B. О. Перцов. Тут был и патриотический душок.
A. В. Лентулов. Но была и определенная революционная поступь.
Он не радовался победам царских войск и вообще наших солдат, которые там гибли, а он чувствовал, мне кажется, что что-то приближается. И это в его стихотворениях, — я не специалист, вам это лучше видно, — но я чувствовал это всегда.
Ведь патриотизм в чем выражается? Он сметает грани классовой вражды, тут нивелируются границы вашего личного настроения с этим общим подъемом. А у него этого не было, он самым хамским образом продолжал костить царя и т. д., занимаясь этими плакатами. Причем вы это чувствовали не потому, что он печатал на плакатах: «Долой царя!», этого не позволили бы, а потому, что с его стороны все это подвергалось настоящей критике, это несомненно, и с такой яростью, как это мог делать именно Маяковский.
Это внутреннее его состояние мне лично ясно. Я считаю, что так думать о нем — это значит не делать ошибки.
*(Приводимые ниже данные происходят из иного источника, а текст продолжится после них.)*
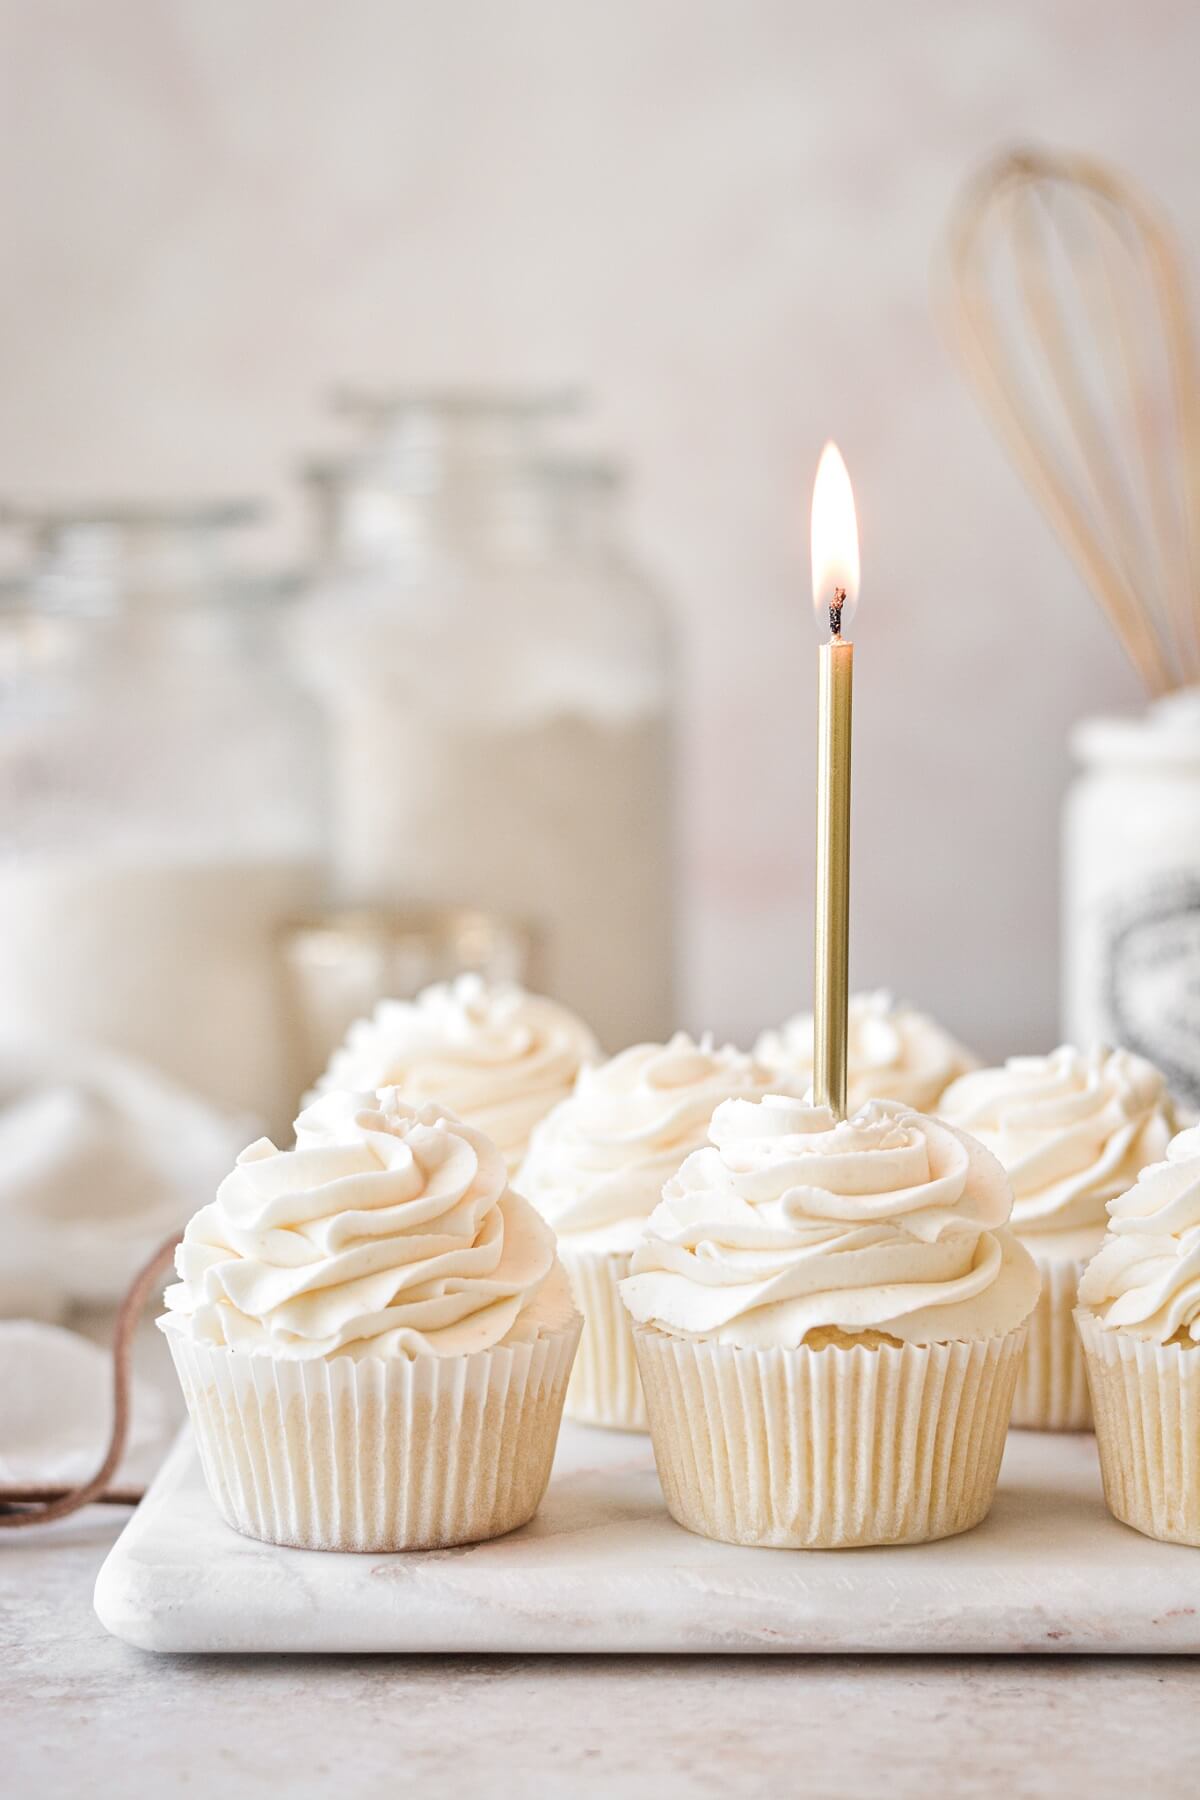 Vanilla cupcakes with a gold birthday candle.

Кроме того, Маяковский не мог удовлетвориться одним внутренним, личным, замкнутым миром, поэзией грез. Ну, вот вам антиподы Маяковский и Есенин, который, наоборот, уходил, которому никакого дела не было до царя и до революции, а было дело до личных погибающих, утопающих где-то поэзий. Маяковский всегда глумился над этим, ненавидел это, хотя бы потому, что это скучно. Он для такой жизни существовать не мог, как бы вы ни пели ее на разные цыганские лады. А ему хотелось с трибуны вещать что-то, с трибуны что-то проповедовать.
Поэтому кто его знает с этой стороны, кто с ним встречался, с этой вечно бушующей фигурой, которая не только в стихах, но и в самой жизни прошла в бурных столкновениях с разными неприятными людьми из этого ненавистного ему мира, — тому видно, что здесь он проводил линию всегда совершенно четко.
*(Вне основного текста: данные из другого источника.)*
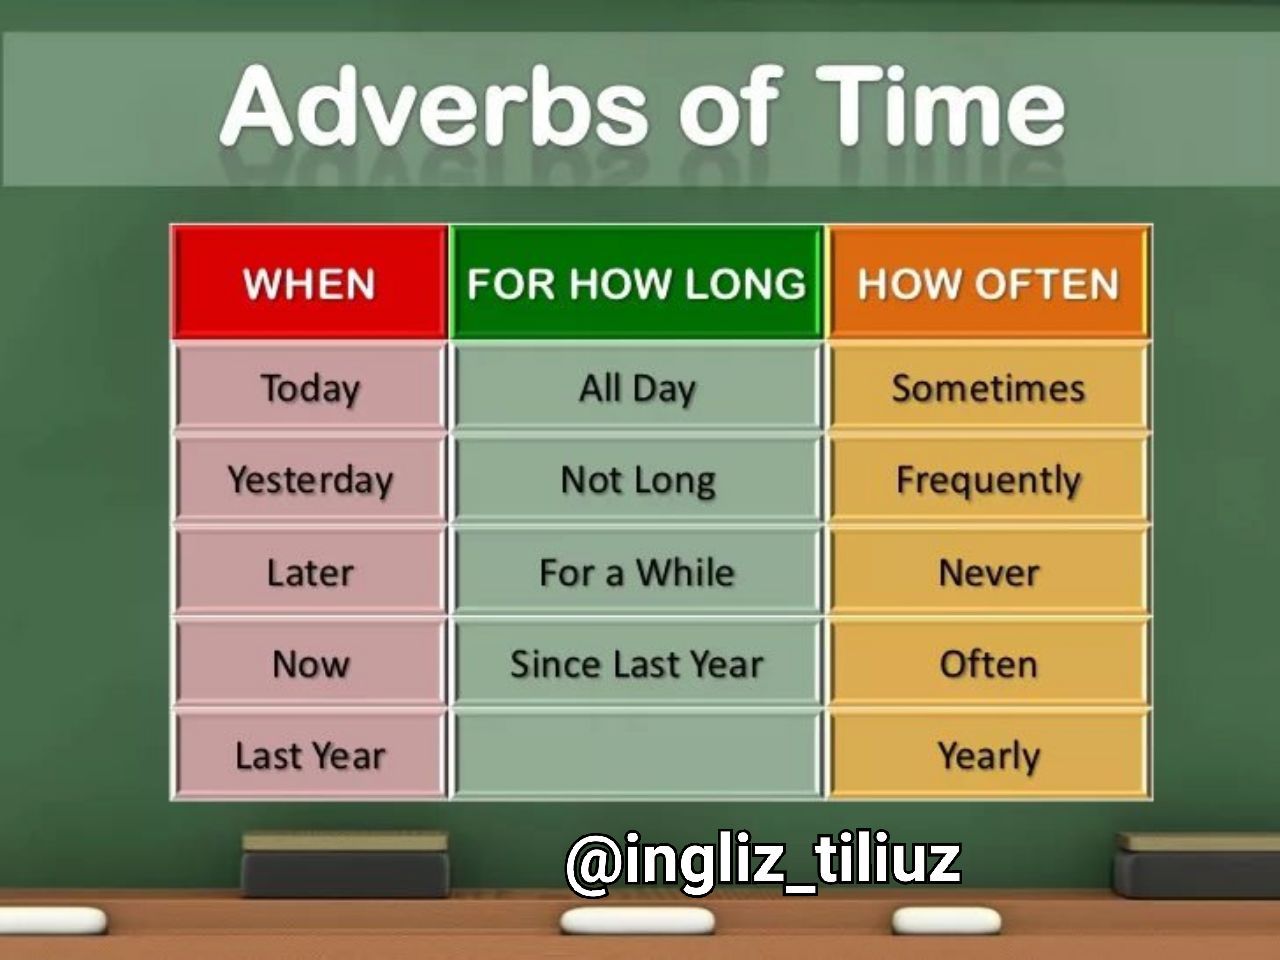 Adverbs games. Adverbs of time. Adverbial of time. Adverbs of Focus. Adverbs of time and place таблица.

Всегда был такой протест. Вот он любил в карты играть и на биллиарде играть, но он тогда, кажется, не играл с Арцыбашевым>[327].
Он его видеть не мог, он не мог с ним играть. Если Маяковский и играл с Арцыбашевым, он играл как воин, потому что и тот и другой были чемпионами биллиарда, они оба играли первоклассно, исключительно играли. И как будто на этой почве было соревнование. Маяковский на это пошел — разбить врага. А иначе он не стал бы играть. И в карты не сядет играть с кем попало, а у него всегда были излюбленные друзья, приятели.
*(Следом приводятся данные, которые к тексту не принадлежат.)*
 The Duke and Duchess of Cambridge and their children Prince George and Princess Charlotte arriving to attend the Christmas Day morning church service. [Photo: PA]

Я помню, он с Гурвиц-Гурским>[328] играл. Я того видел раза два в жизни. Очень способный был человек — художник, инженер. Я сам в этой компании не вращался. Мы, художники «Бубнового валета», в то время были иначе настроены. Потом я к этому перейду.
Все, что я сейчас говорил, я говорил, чтобы сказать, что мне совершенно понятно, как Маяковский встретил революцию. Маяковский встретил революцию со страшной любовью к Ленину.
B. О. Перцов. В 1917 году вы встречались?
A. В. Лентулов. В это время нет, я его отношения в эти годы не знаю. Мы встречались в первые годы «Бубнового валета» — 1910–1911–1912 и, пожалуй, 1913 гг. А с начала войны, кроме нескольких встреч с этими лубками, других встреч не было. А потом встречи уличные были, потому что у меня он уже не бывал. Но мы всегда были по-приятельски настроены, никаких расхождений у нас не было. Мне известно, что он очень хорошо ко мне относился, а я, конечно, относился к нему так же. Потом уже случайно встречались, во время революции, словом, до самой смерти.
Перед его смертью, месяца за два-три, я встретил его на Советской площади. Поздоровались, два-три слова сказали, он куда-то торопился.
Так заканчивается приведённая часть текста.